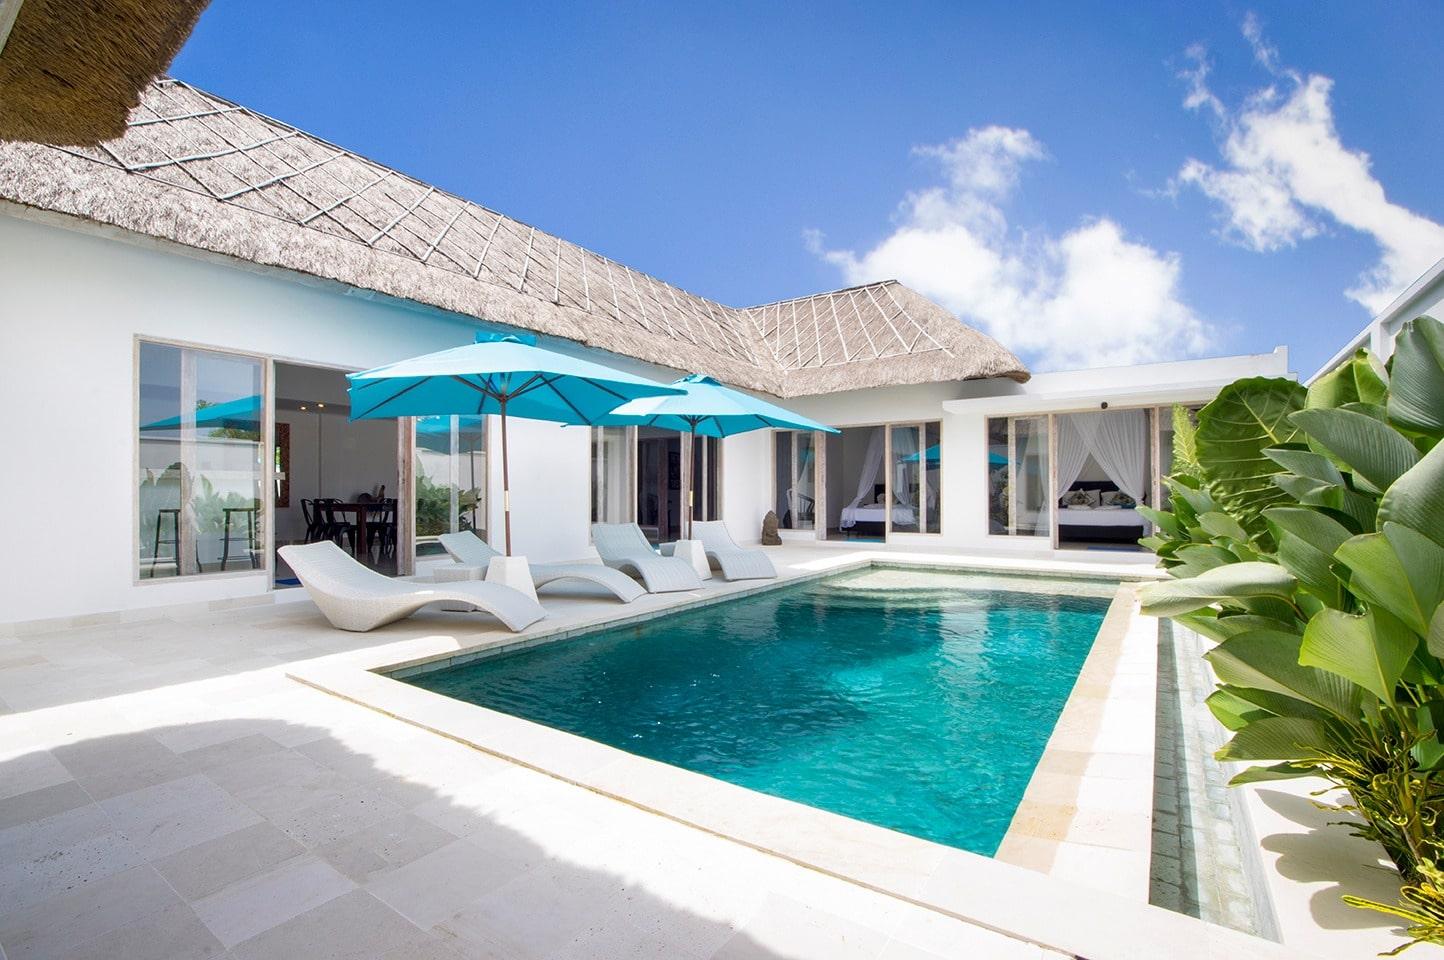 Location De Villa Pas Chère À Bali : 4 Chambres Et Une ... tout Chambre D Hotel Avec Piscine Privée
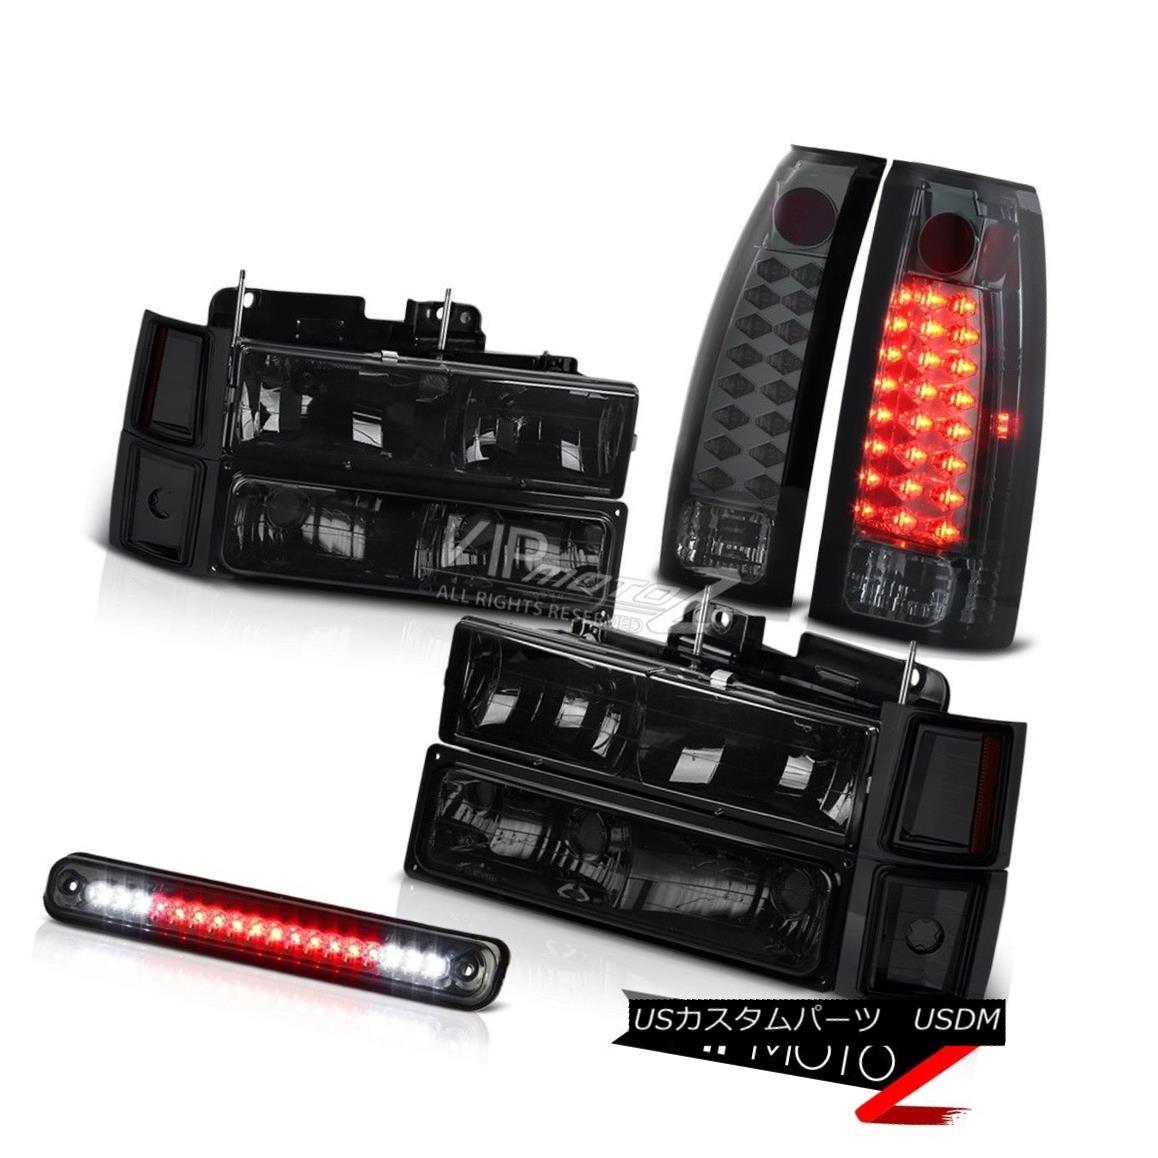 テールライト 94 95 96 97 98 Chevy Silverado CK 1500 2500 Smoke Headlight LED Tail Lamp Lights 94 95 96 97 98 Chevy Silverado CK 1500 2500スモークヘッドライトLEDテールランプライト
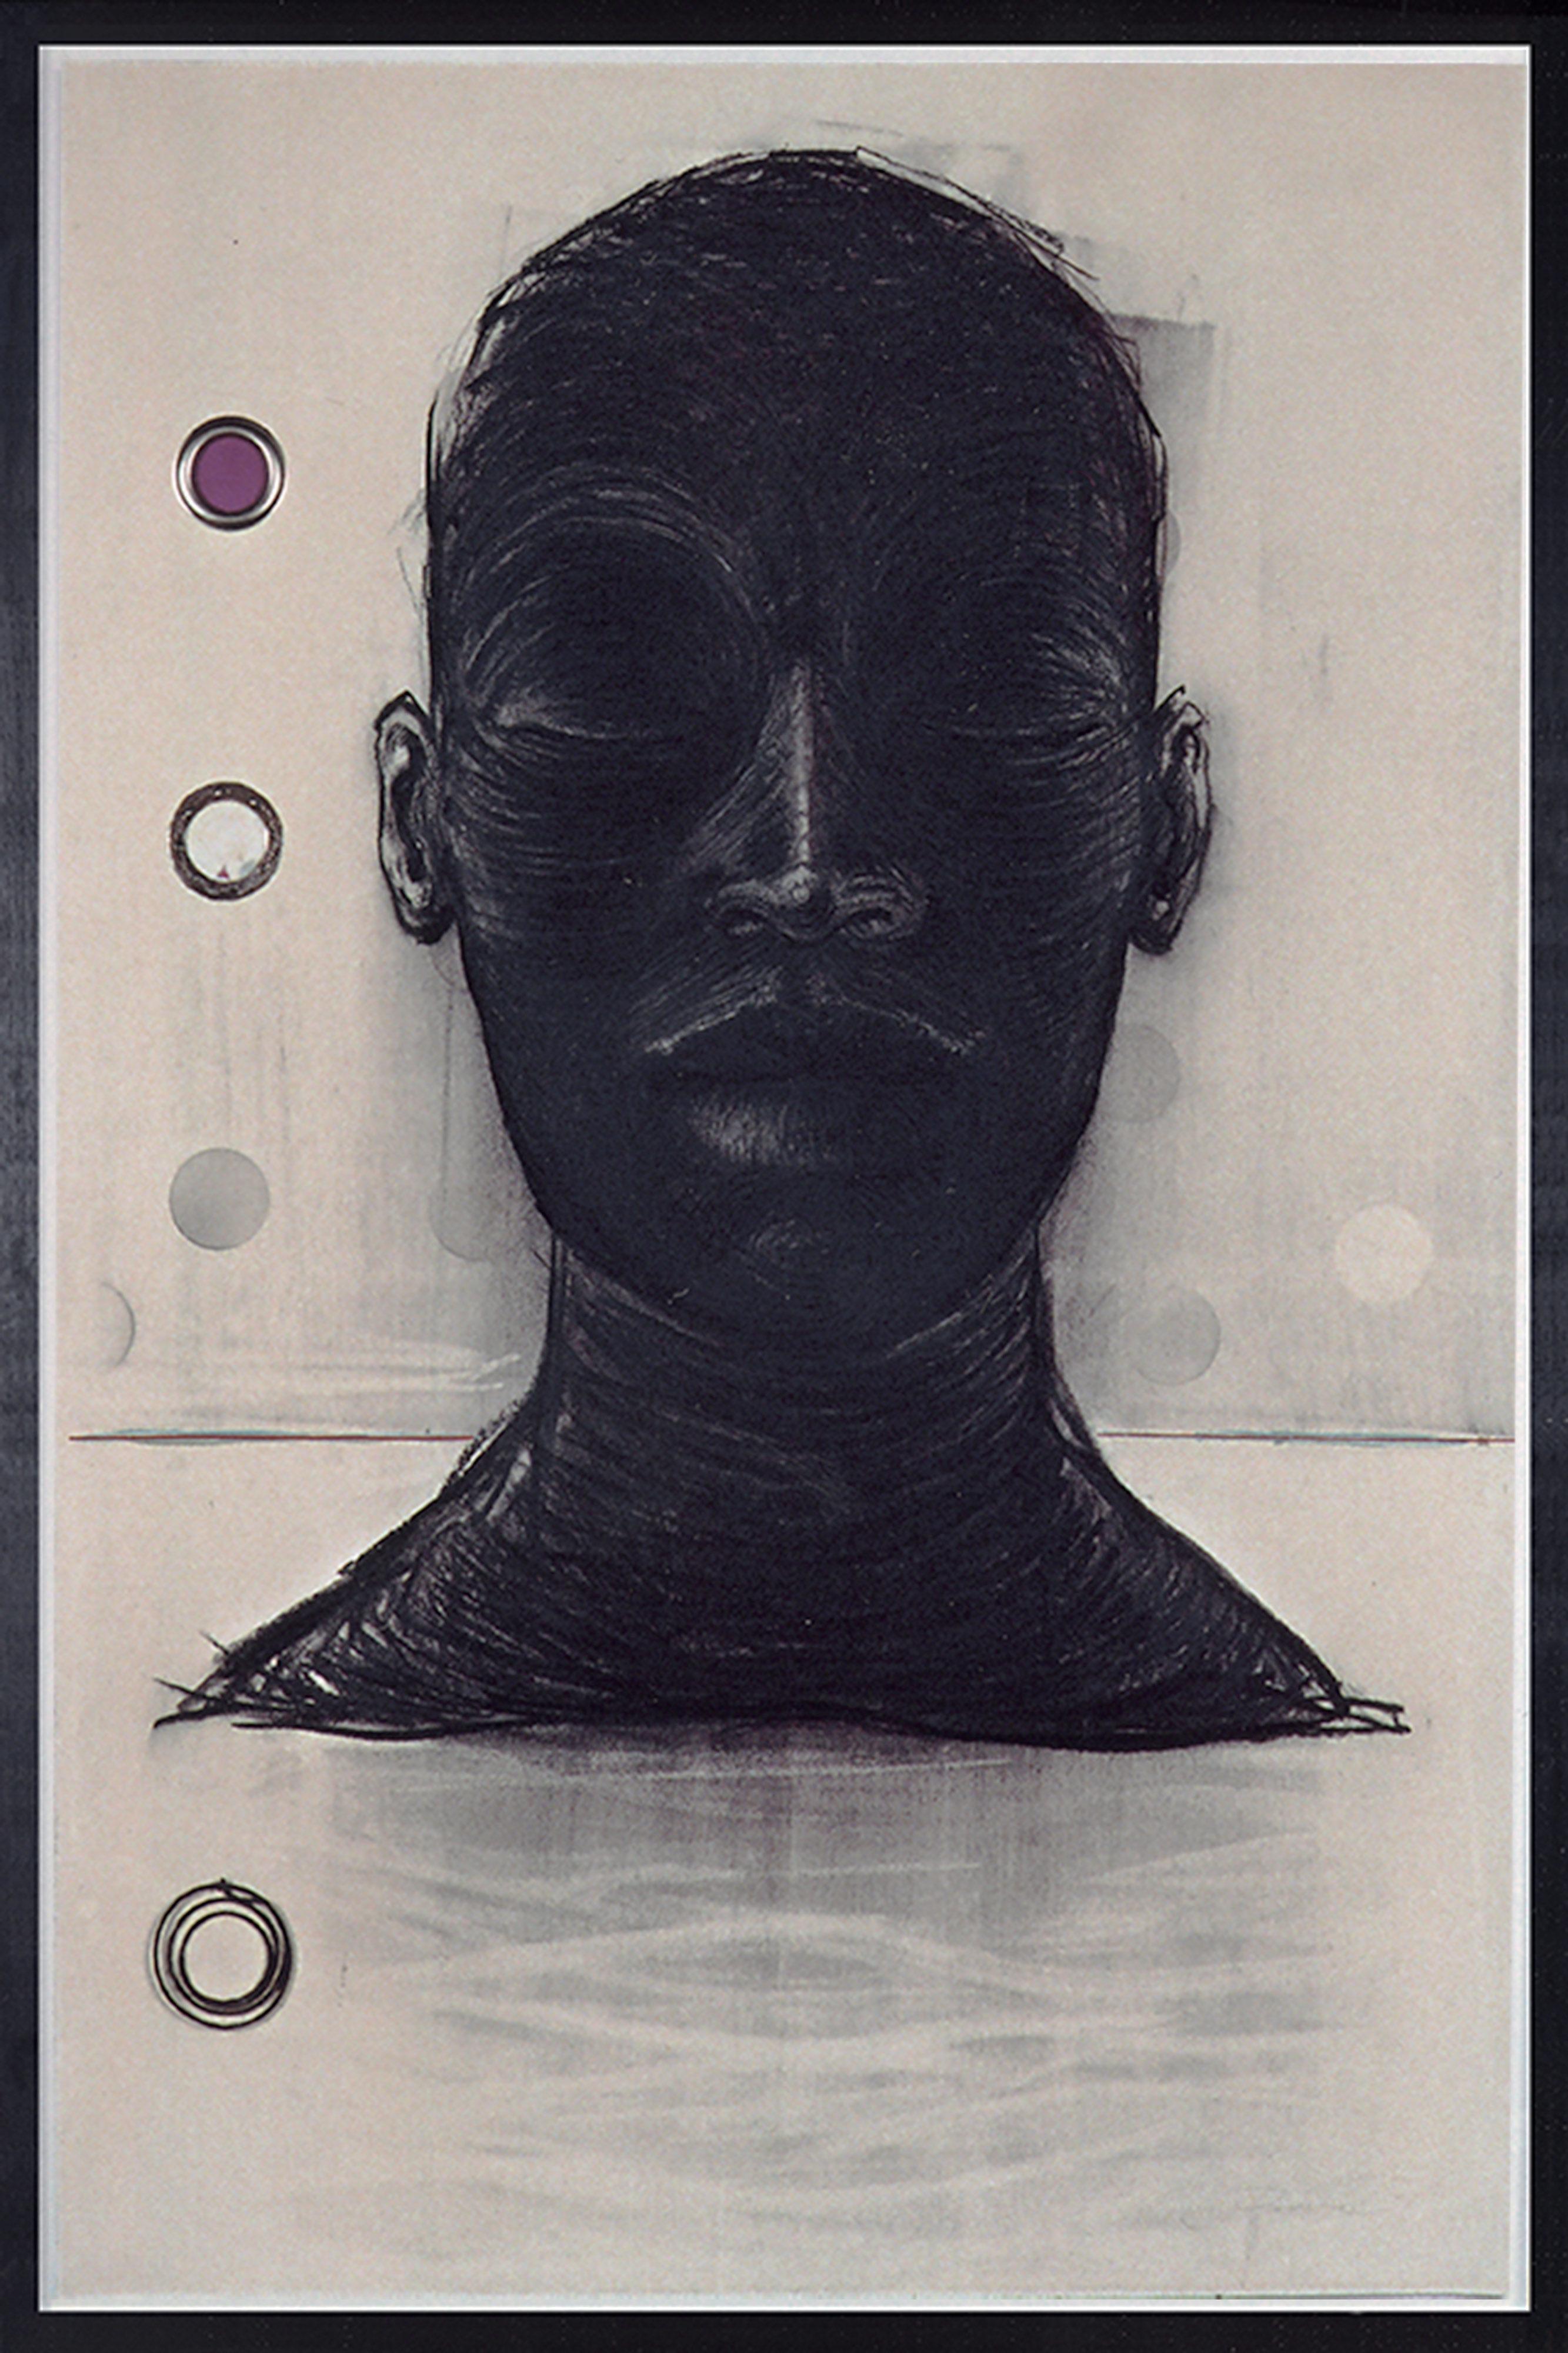 DECREME_continent-VII_fusain-tissu-et-metal-sur-papier_80x120_2004
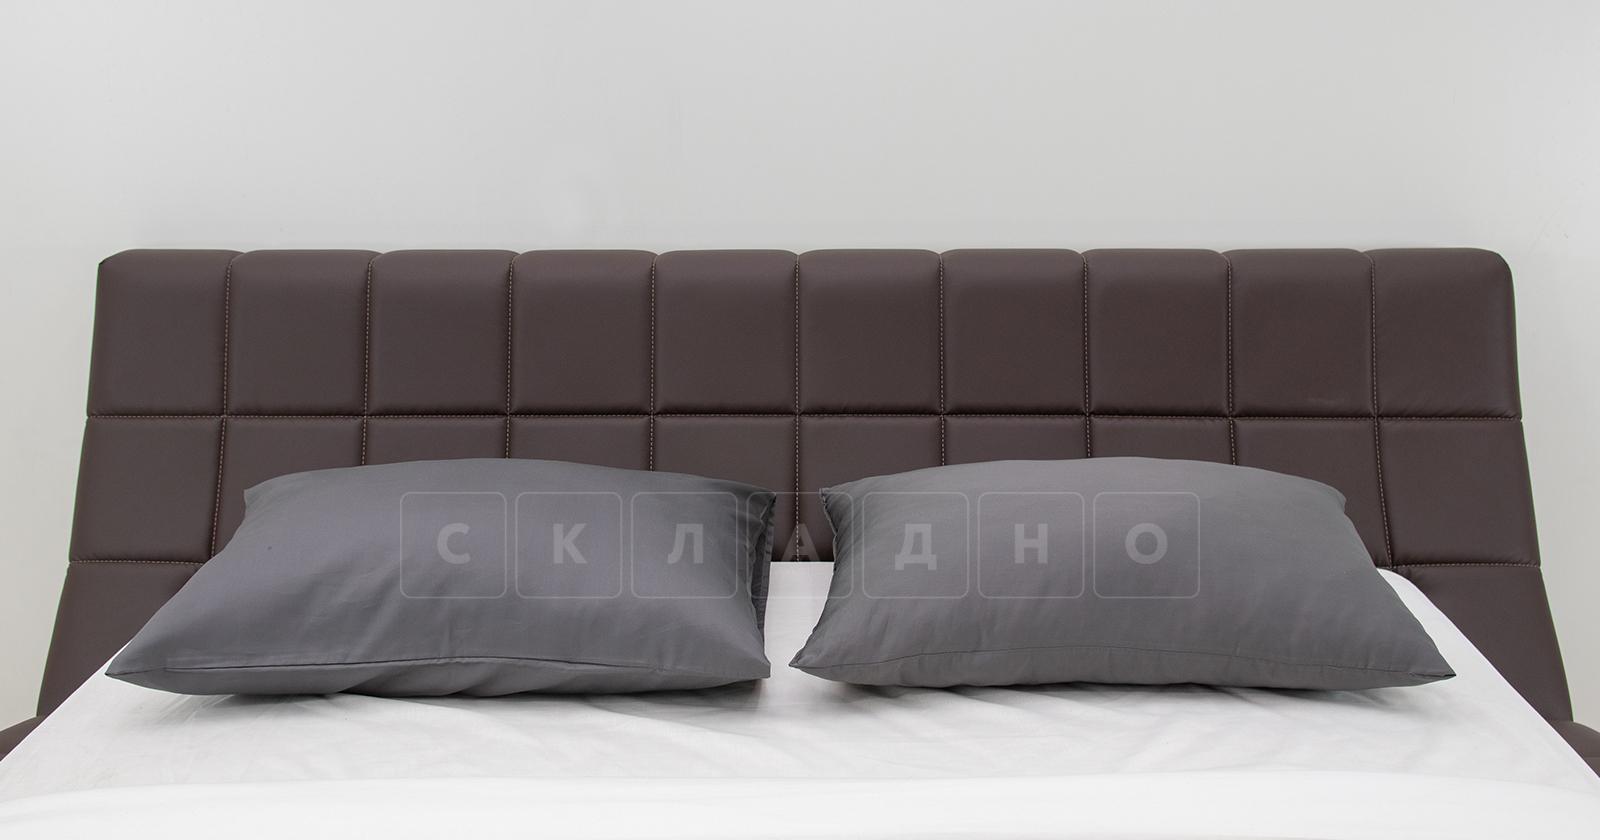 Мягкая кровать Оливия 160 см экокожа шоколад фото 5 | интернет-магазин Складно

============================================================

* HOW TO COMPLETE THIS TASK *
Repeat the line that contains "テールライト 94 95" and each line after it, through the last line of the listing, exactly and alone; pictures stay out of the repeat.

* ANSWER SPACE *
 テールライト 94 95 96 97 98 Chevy Silverado CK 1500 2500 Smoke Headlight LED Tail Lamp Lights 94 95 96 97 98 Chevy Silverado CK 1500 2500スモークヘッドライトLEDテールランプライト
 DECREME_continent-VII_fusain-tissu-et-metal-sur-papier_80x120_2004
 Мягкая кровать Оливия 160 см экокожа шоколад фото 5 | интернет-магазин Складно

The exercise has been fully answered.